Electrons passing through a vitreous ice layer may experience either elastic or inelastic scattering. Without an objective aperture, few scattered electrons have scattering angles large enough to prevent them from contributing to the final image. An objective aperture can be used to block out electrons with the largest scattering angles, thus increasing image contrast. An energy filter can block almost all inelastically scattered electrons (which only contribute noise to an image) and consequently increase the signal-to-noise ratio in the image. The amount of scattered electrons is also proportional to the ice thickness and can be described as follows:

(1)$$t = \Lambda \ast \ln \left( \displaystyle{I_o \over I_{zlp}}\right)$$

with t being the ice thickness, Λ the inelastic mean free path, I 0 the unfiltered intensity of the beam, and I zlp the filtered intensity. In principle, Λ is dependent only on voltage and the composition of the sample, but in more practical settings some elastically scattered electrons are also filtered in the optical path through the electron microscope, specifically when an objective aperture is used. In such cases Λ cannot be described purely as inelastic mean free path and is also dependent on the optical path and particularly on the size of the objective aperture.

Determining both the unfiltered and filtered intensity on each data position is a generally accepted way of measuring the ice thickness [Reference WJ4], but it increases the time per image during data collection. However, it is possible to simplify the process on the Krios because the optics on the Krios are such that very few scattered electrons are eliminated without an objective aperture and the energy slit on the energy filter. This means that the unfiltered intensity is very close to the intensity of the electron beam without a sample, and in this case we can neglect the difference and change (1) to:

(2)$$t = \Lambda \ast \ln \left( \displaystyle{I_{tot} \over I_{zlp}}\right) = \Lambda \ast \ln \left( \displaystyle{D_{tot} \over D_{image}}\right)$$

With I tot the intensity of a beam without sample, D tot the total electron dose on the sample and D image the dose measured on the image. This assumption is only correct for weakly scattering samples like thin ice and carbon films. It does not hold for very thick films (>>200 nm) or other strongly scattering material films (for example, gold foil). To determine average ice thickness for each image from the average dose (and the known total dose during the session), one must determine Λ on the system at conditions close to standard single-particle imaging conditions. Λ was measured to be 250 nm according to the method described by [Reference Angert5] and [Reference Feja and Aebi6]. With the measured value Λ, Equation (2) can be used to determine the average ice thickness of each image in an imaging session using the dose per pixel (or per Å2) measured from the image. The value of D tot is measured carefully before each data collection and specifically set to a particular value (standard is 40 or 50 e/ Å2). In our experience, beam stability on the Titan Krios is excellent, and D tot does not change significantly (<1%) during a 2–3 day run.

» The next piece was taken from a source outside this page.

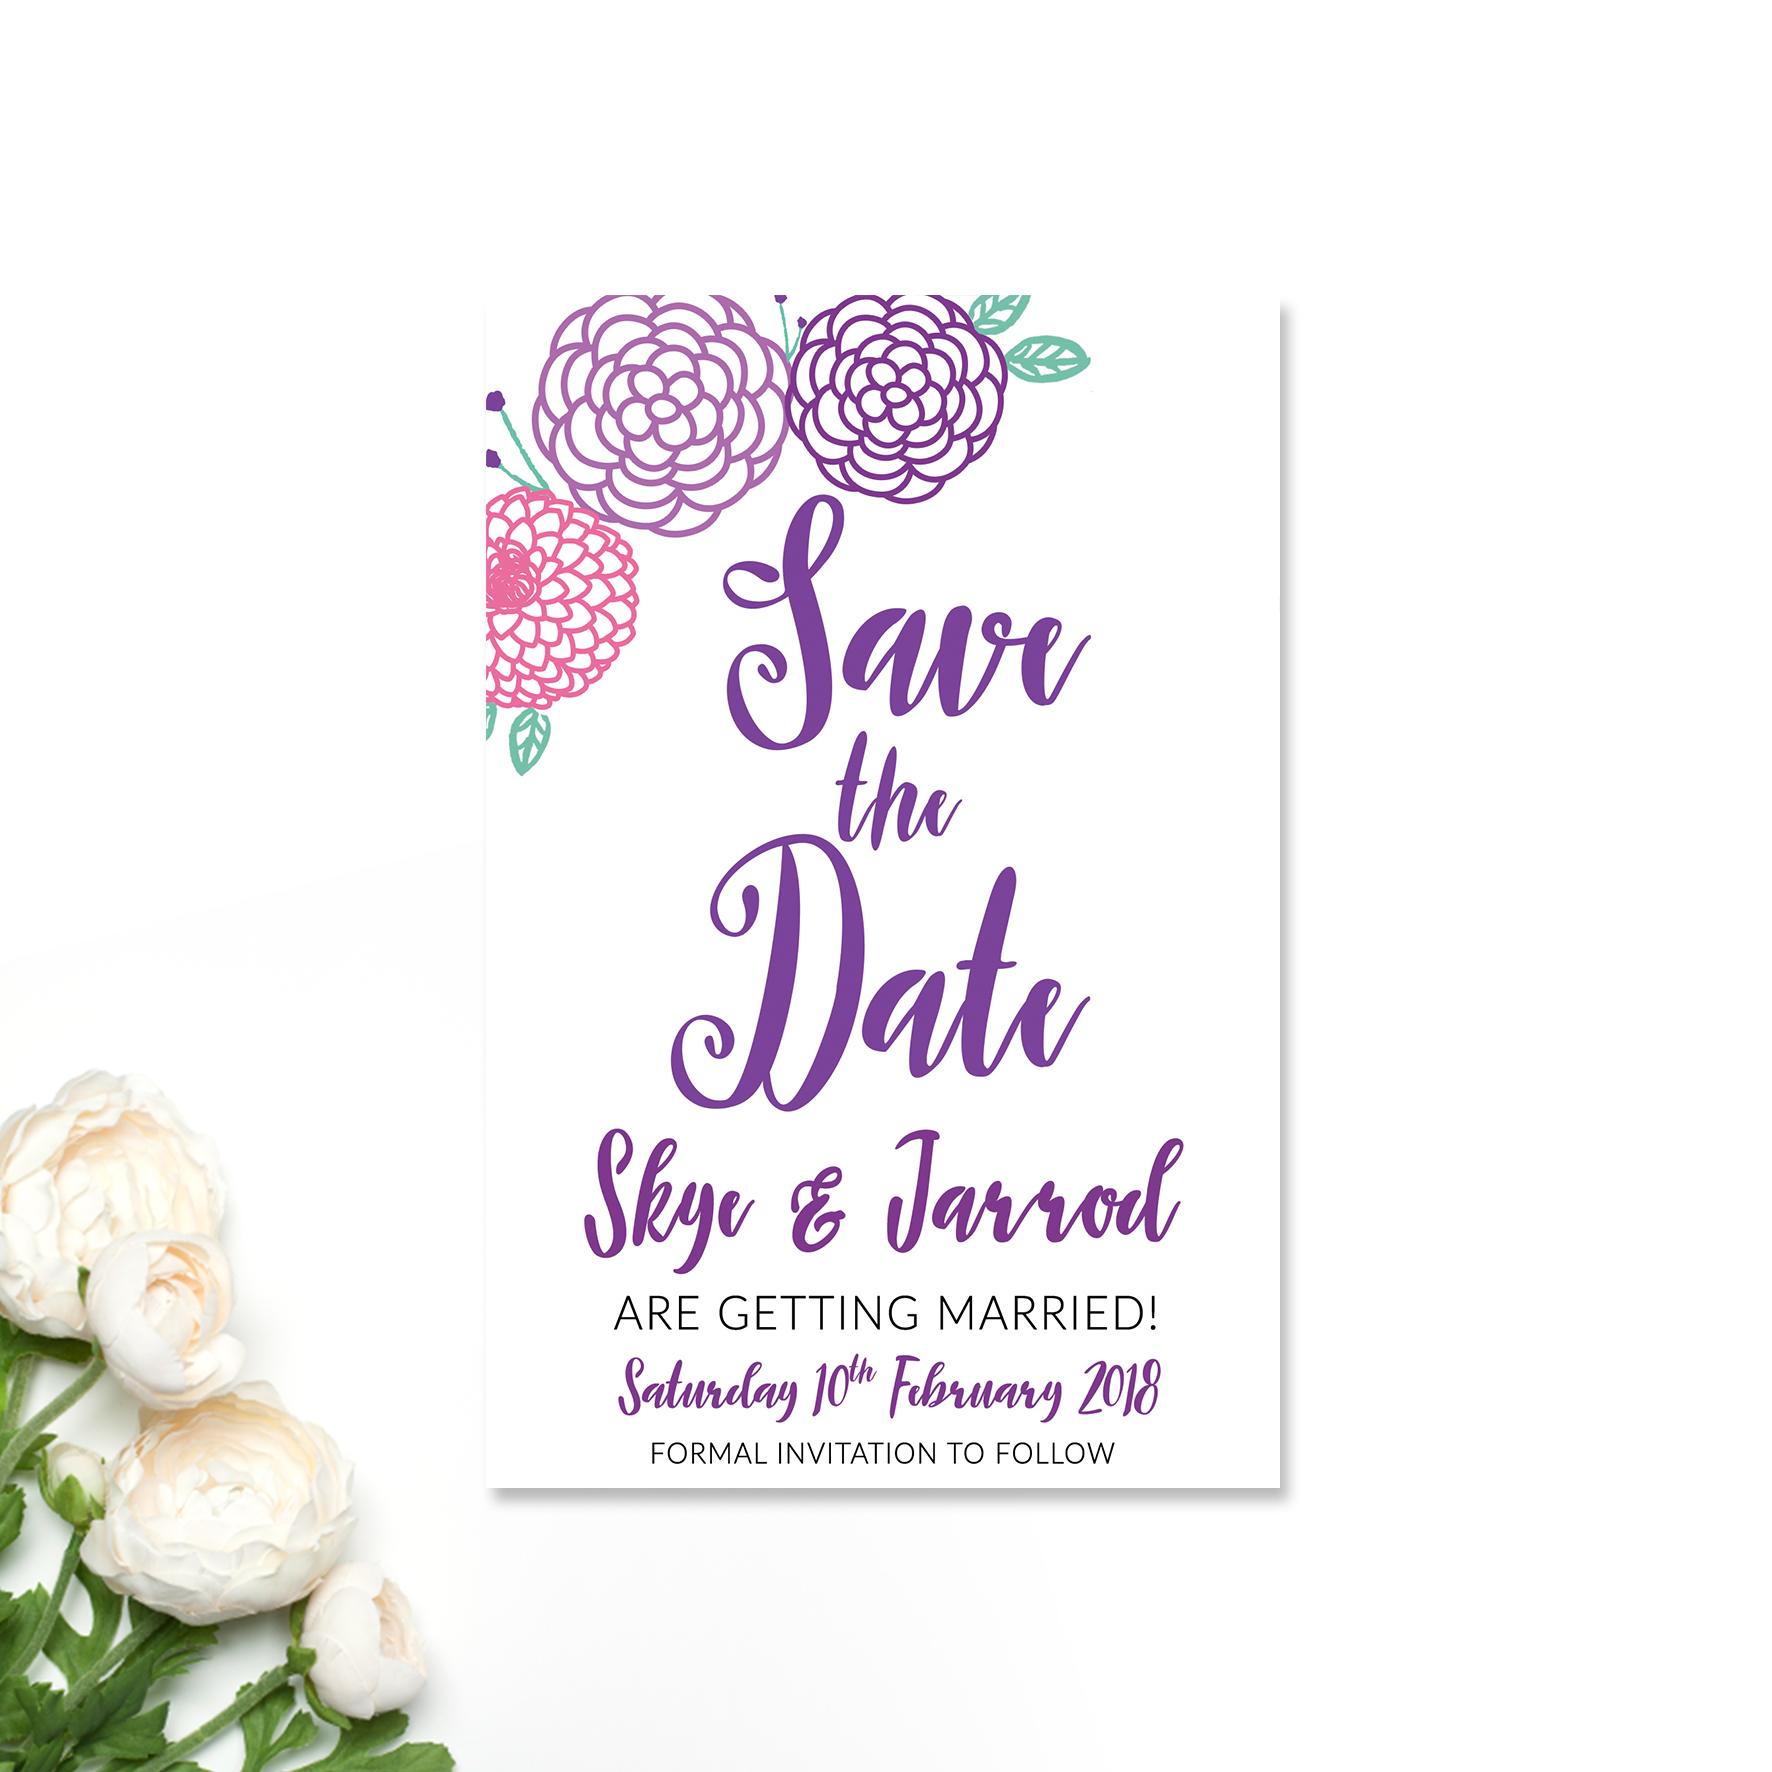 Skye + Jarrod Save the Date Card
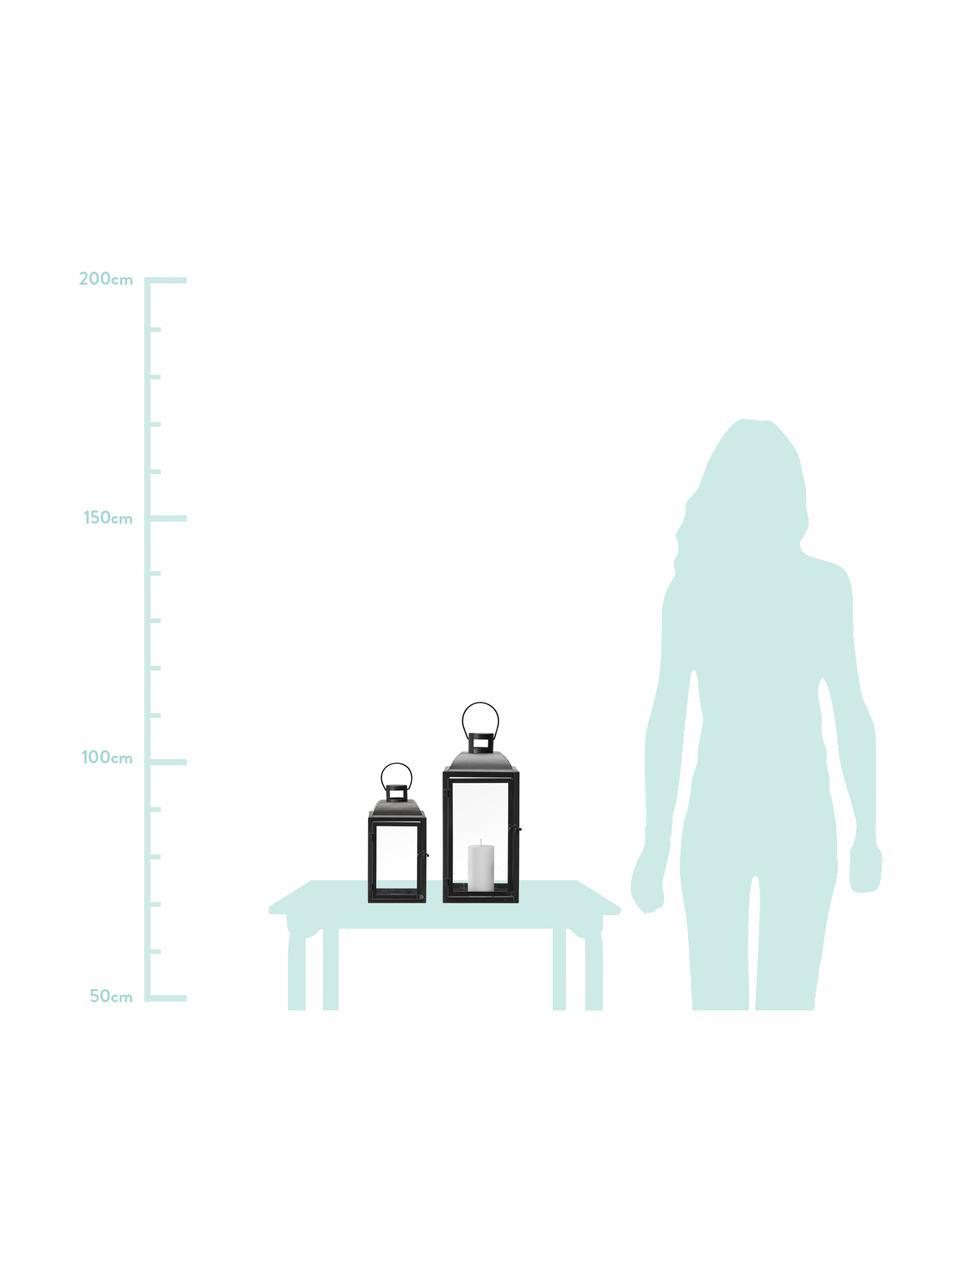 Komplet latarenek Polly, 2 elem., Stelaż: metal powlekany, Czarny, Komplet z różnymi rozmiarami

Effect of Ice Thickness on Data Quality

Since ice thickness seems to be a very important factor to determine data quality, it should be strongly considered when optimizing plunging conditions and screening grids. The visual appearance of the “vitreous ice ring” in the image FFT, the broad diffraction peak corresponding to distances of water molecules in vitreous ice, is dependent on ice thickness. This can be used as a rough rule of thumb. As can be observed in Figure 3, in ice that is thinner than ~50 nm, no vitreous ice ring is observed in the power spectrum, whereas with ice thickness >50 nm, the ring becomes progressively more prominent in the power spectrum.

Figure 3: Power spectra provide approximate guidelines for estimating ice thickness. Examples are shown for power spectra of different images collected from a single NCEF imaging session. The average ice thickness of the corresponding images is given in the top right of each power spectrum. The vitreous ice ring at about 0.39 Å (marked with a white arrow in the bottom right image) becomes progressively more visible as the ice thickness in the sample increases. Only in vitreous ice thicker than ~50 nm is the ring clearly visible.

The thickness of ice can sometimes vary widely within a single grid, as shown in an example presented in Figure 4A. The information limit is also determined by ice thickness, with thinner regions producing images with information extending to higher resolution (Figure 4B) [Reference WJ4]. As users have shared results obtained from data collected at NCEF, a measurable trend has emerged that correlates resolution with ice thickness. Specifically, thinner ice strongly correlates with higher reported resolutions (Figure 4C). Interestingly, there was no obvious correlation between the extent of motion in the movie frames and the reported resolution (Figure 4D), indicating that the software for motion correction available to most users is sufficient enough to compensate for beam-induced and stage motion that occurs during data collection.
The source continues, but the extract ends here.